| Dataset content |
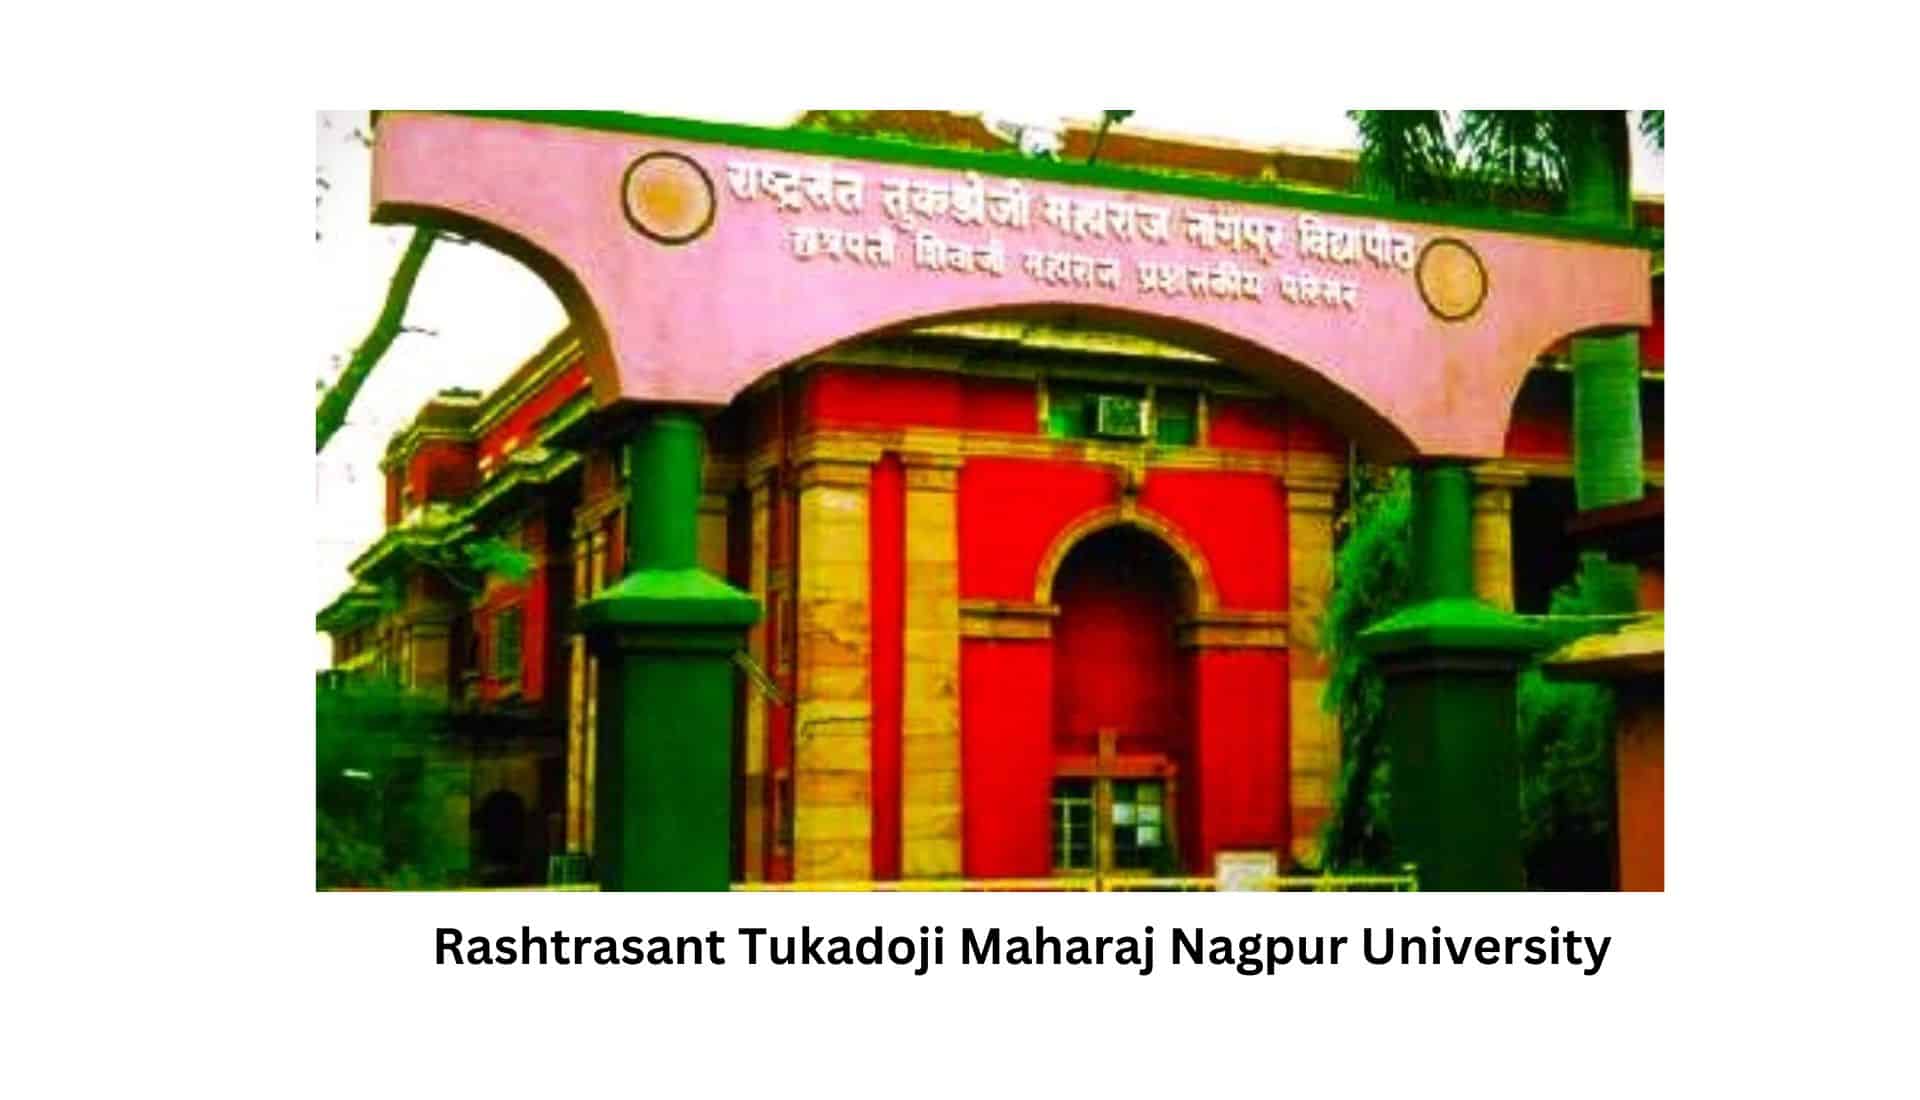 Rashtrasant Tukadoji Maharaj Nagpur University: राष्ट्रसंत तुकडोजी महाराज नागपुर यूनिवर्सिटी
* * *
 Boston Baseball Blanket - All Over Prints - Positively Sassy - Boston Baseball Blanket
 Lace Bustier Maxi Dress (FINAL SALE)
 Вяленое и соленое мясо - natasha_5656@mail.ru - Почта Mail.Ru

| Work to complete |
Your task is to restate, word for word, only those lines above that fall between the line holding "Lace Bustier Maxi Dress (FINAL SALE)" and the line holding "Вяленое и соленое", inclusive.

| Reply to the exercise |
 Lace Bustier Maxi Dress (FINAL SALE)
 Вяленое и соленое мясо - natasha_5656@mail.ru - Почта Mail.Ru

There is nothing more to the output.